The latest move to stop or limit support to crypto exchanges by multiple banks including ICICI Bank, HDFC Bank, Kotak Mahindra Bank, etc., was likely triggered by the RBI’s “informal” direction to banks to withdraw support to crypto exchanges and traders, as per a recent Reuters report. In April 2018, RBI had banned banks from supporting crypto transactions after cases of fraud through virtual currencies were reported. However, the Supreme Court had struck down the ban in March 2020. Among the reasons cited was that cryptocurrencies were not illegal though unregulated in India. Nonetheless, the implications of the current move by RBI may affect the ecosystem.
ICICI Bank, HDFC Bank, and Kotak Mahindra Bank didn’t comment for this story. RBI spokesperson couldn’t be reached.
“Ban is at the retail level — where the retail customer is worried that if I send money to crypto exchange my account will be blocked — and at the institutional level where exchanges themselves keep having their accounts blocked. Retail customers have received emails from banks for shutting down their crypto-related accounts. This will hurt new players more because if the bank account gets shut, it is a huge challenge for customers. On the whole, it has created an environment of uncertainty. It is extremely bad to have an industry that doesn’t have bank accounts. Customers cannot trade when they want to. However, crypto being a global phenomenon, this should not have a real impact,” Ajeet Khurana, Venture Partner and Global Expert at Blockchain Founders Fund told Financial Express Online.
This, however, also means that new buyers will not be able to enter the system and it might affect new buying of cryptocurrency. Banks’ decision to disengage with Indian exchanges had coincided with China reportedly banning its financial institutions and payment companies from supporting cryptos. “Maybe we are trying to copy the Chinese but in China, at least there was some official directive unlike in India. The situation here also suggests that crypto price may be affected to some extent as I believe Indians contribute almost 10 per cent of the crypto market globally. Overall liquidity will get affected as new buyers are not entering the ecosystem. This means whom will you sell crypto to. And if there are no new buyers then selling will also be a problem. If this gets over in a week or two, then it is okay,” Atul Chatur, Co-founder, Antilles Cryptocurrency Ecosystem (ACE-X) told Financial Express Online.
While the alleged move by RBI appears in contrast to the government’s likely effort to regulate cryptocurrencies, Governor Shaktikanta Das had earlier maintained that there is no difference of opinion between the central bank and the government over cryptos. “I do not think there is any difference of opinion between the RBI and the Central government on cryptocurrencies,” Das had said at the Times Network’s India Economic Conclave in March this year.

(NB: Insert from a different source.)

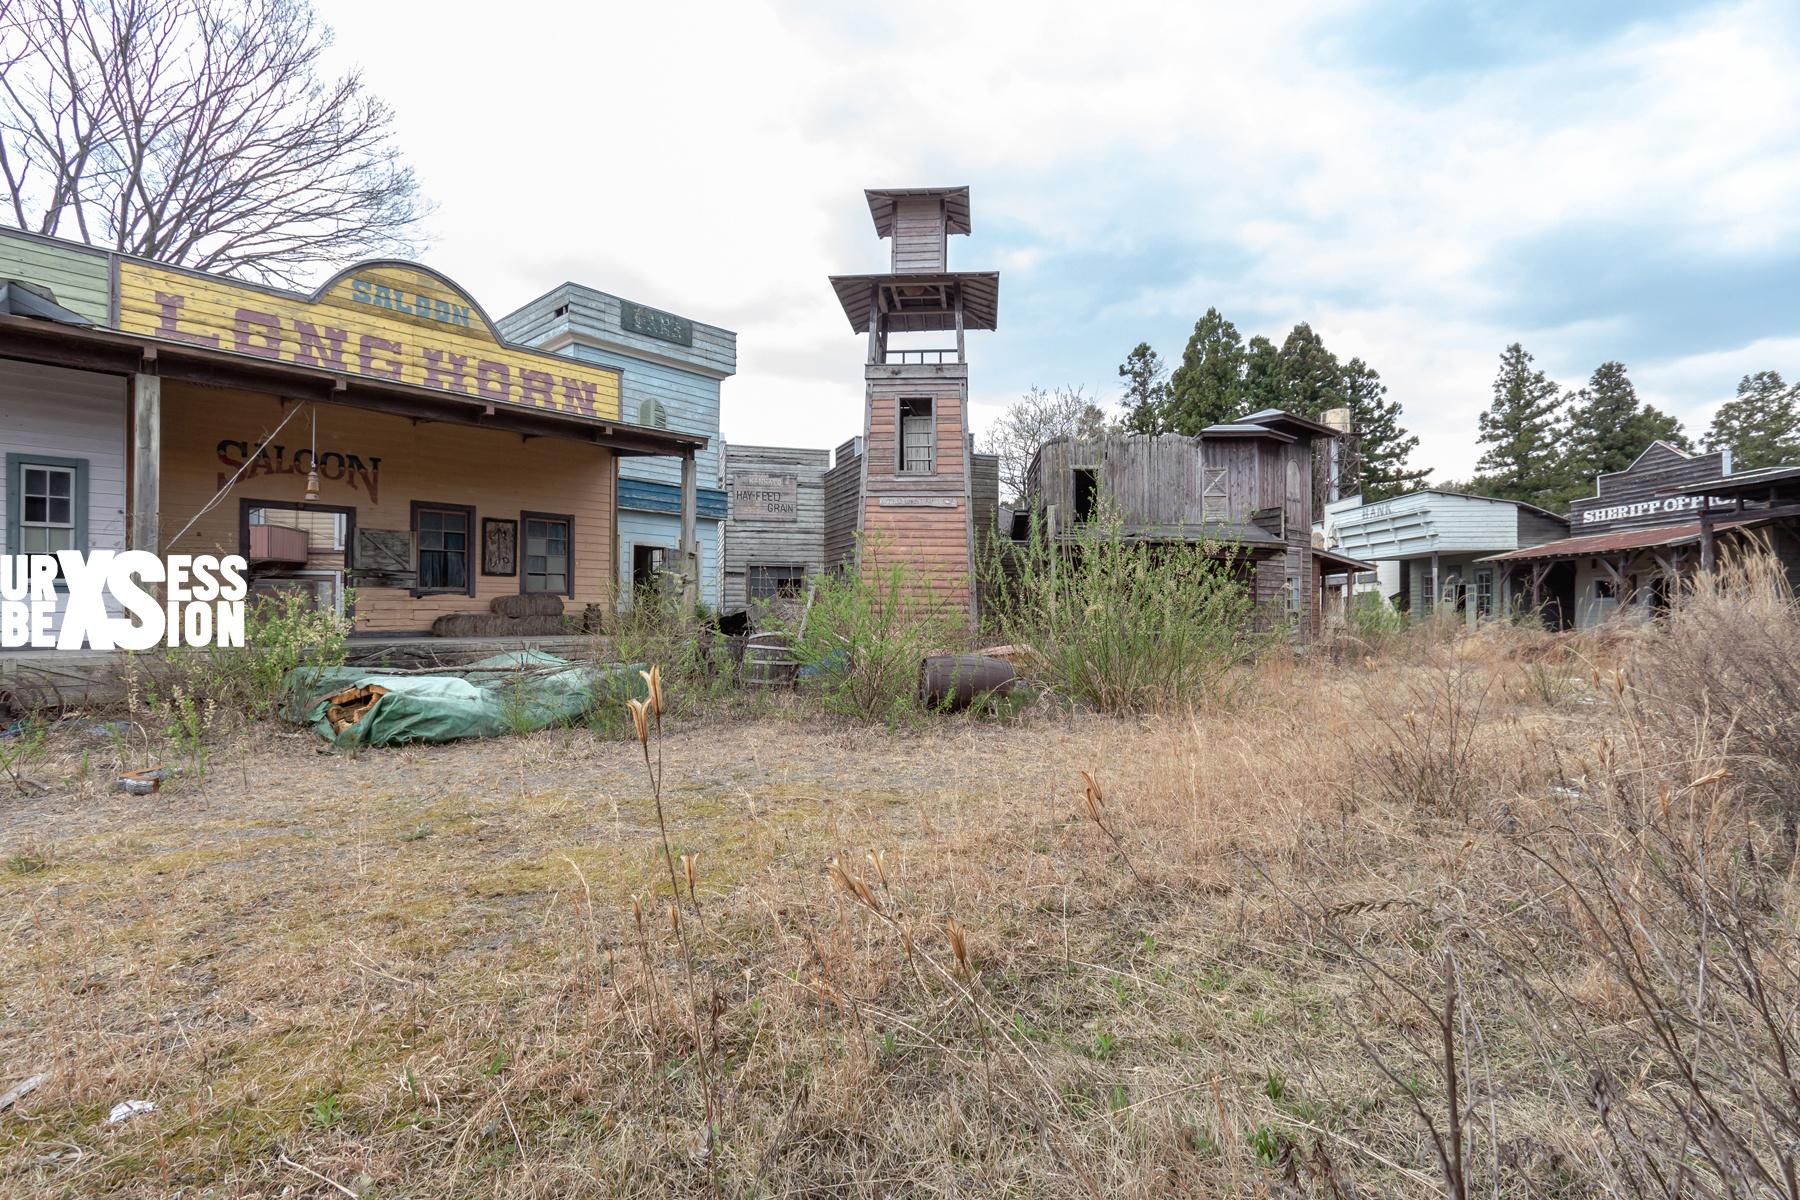 western-village-parc-japon-198
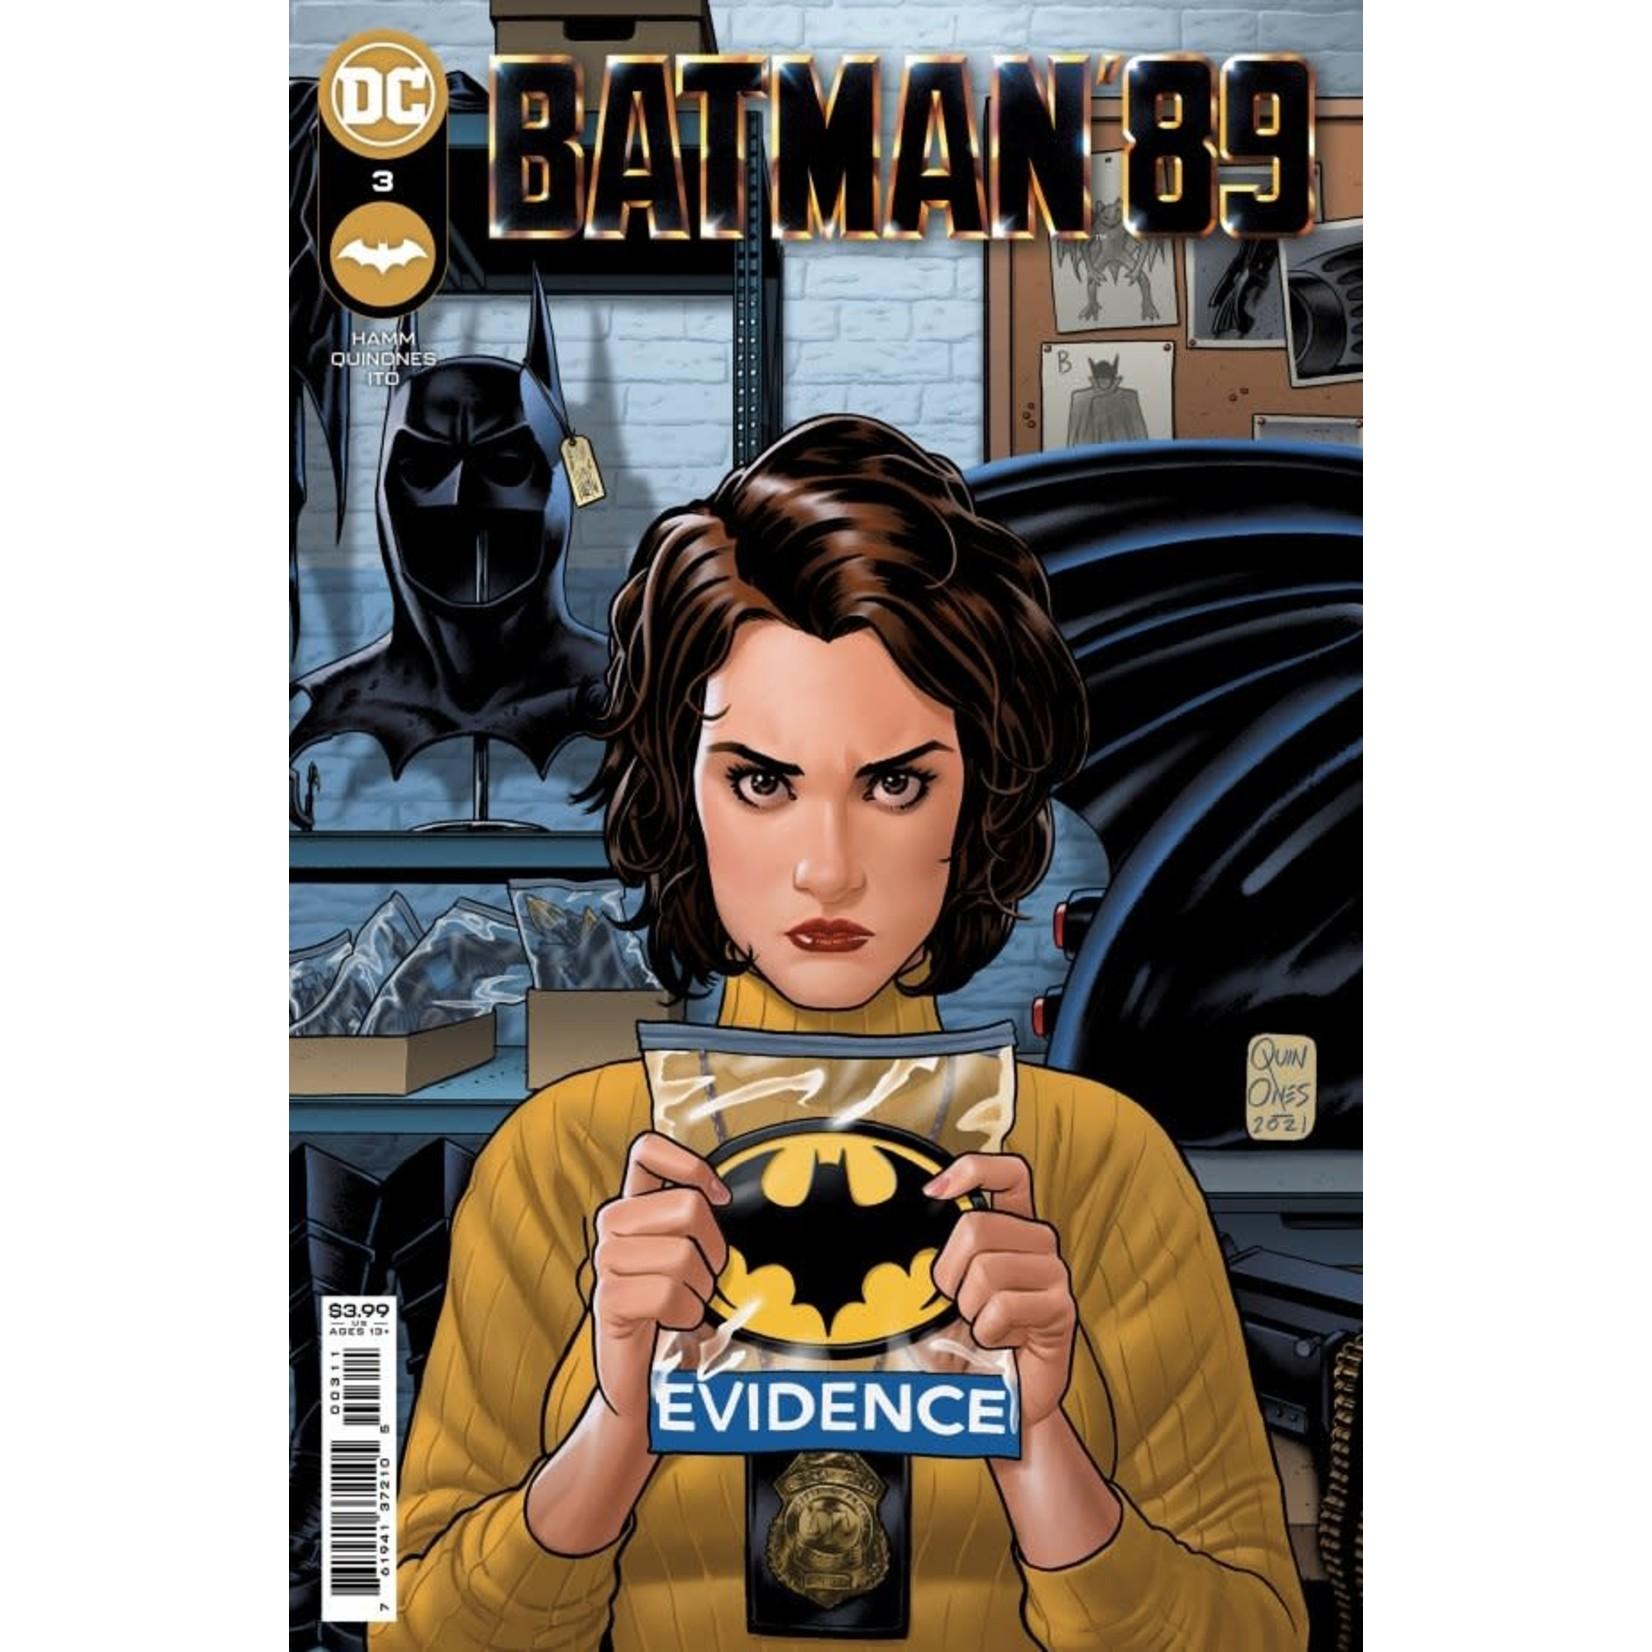 DC Comics Batman '89 #3

Meanwhile, the government had already indicated its intent to regulate cryptos. In what had possibly marked the first move by the government to do so, the Corporate Affairs Ministry had made it mandatory in March for companies dealing with virtual currencies to disclose profit or loss incurred on crypto transactions and the amount of cryptos they hold in their balance sheets.
The government had also said that crypto gains are taxable as income and GST is applicable on services by crypto exchanges. “Irrespective of the nature of business, the total income for taxation shall include all income from whatever source derived…the gains arising from the transfer of cryptocurrencies/assets is liable to tax under a head of income,” Minister of State for Finance Ministry Anurag Singh Thakur had said in response to a question in the Rajya Sabha in March.